My Uncle Brent and Aunt Claudia are in their early fifties and have enjoyed successful careers and lives of travel for the past twenty-five years. They were unable to have children of their own so five years ago they entered the long and emotionally taxing process of adoption. They began in the Russian market, but all of the children whose tapes arrived were screened and found to have fetal alcohol syndrome. Two other markets were not accepting any more prospective parents, so at last my uncle and aunt turned to China. After two years of negotiations and working with the Chinese government, they went along with eight other couples to the Xuedong province of China to a tiny rural orphanage and met their five month-old daughter. They named her Katie and after the handover were immediately hustled back to the airport and the United States. Claudia had a baby shower, decorated her room and had Katie's name placed on lists for several area private schools.

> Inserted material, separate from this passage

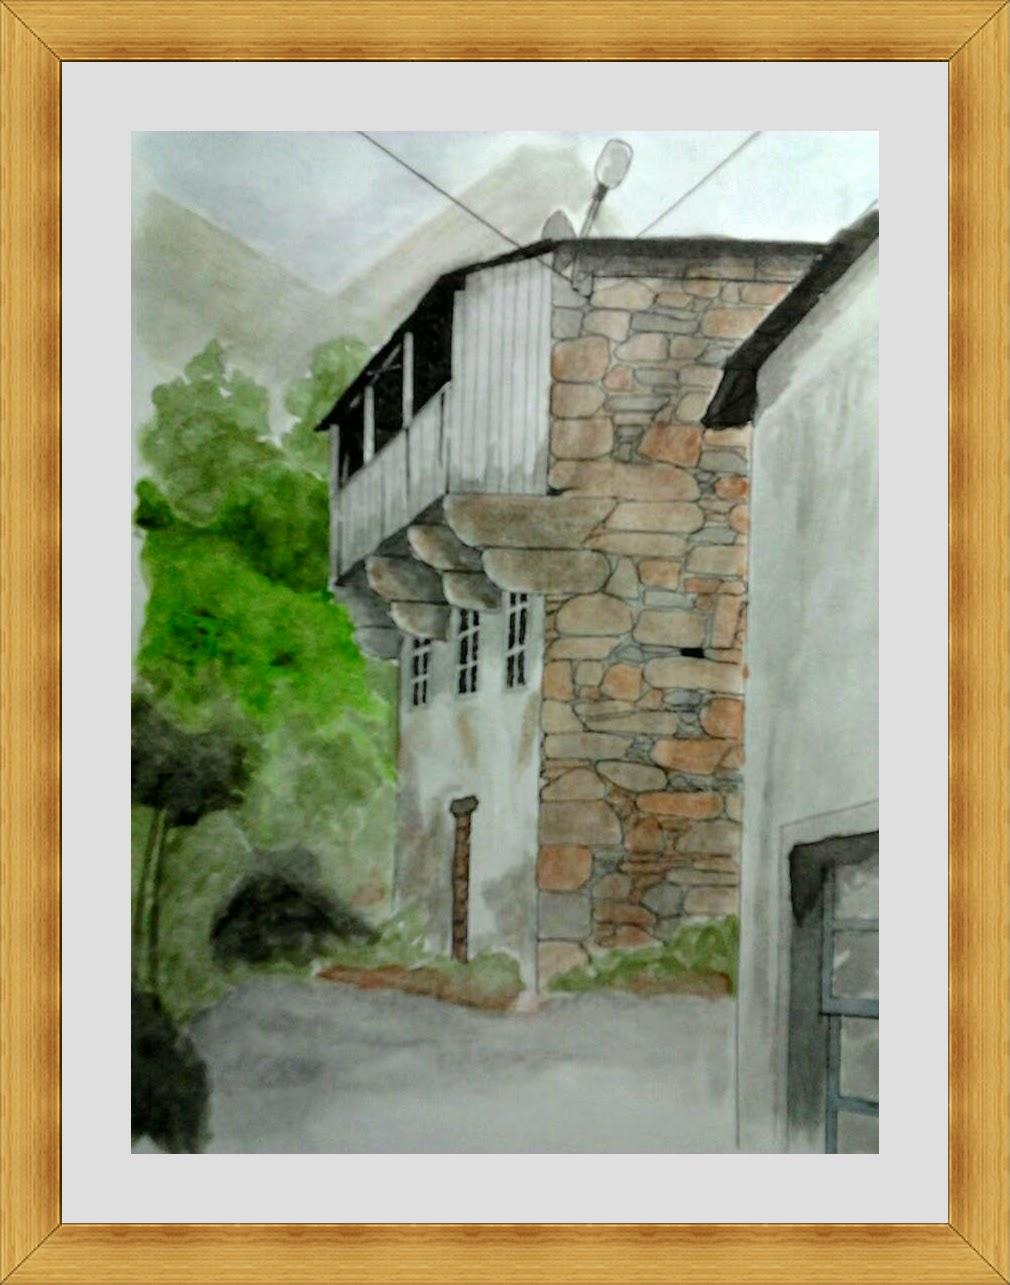 dibujo pintura plumilla acuarela tecnica mixta galeria arte casa rural mondoñedo

Things were idyllic until Katie began to walk. Her motor skills were on track; however she responded to little, grew frustrated easily and threw frequent tantrums including hitting herself repeatedly. I babysat for her when she was about twelve months old and went to her parents with the concern that my cousin didn't pay any attention to me unless I spoke directly into her face. When she hadn't started forming words or talking, Brent and Claudia went to a series of specialists and received the same diagnosis of Autism. They were initially devastated, but now at the age of three my cousin is getting the finest help possible from two people who are committed to her fully and are determined to give Katie as healthy a life as possible.
Katie's story is not uncommon. Brent and Claudia kept in touch with some of the other couples who accompanied them to China and discovered that each child had some variation of sensory integration disorder, although Katie's was by far the most severe. There are hundreds of support web pages for parents of adopted children who are facing a variety of disabilities and challenges with their children's health. In my research I focused on Katie's case specifically and found some possibilities as to why her case was so much more severe and why cases of Autism are so much higher in orphanage situations than in traditional infant upbringings.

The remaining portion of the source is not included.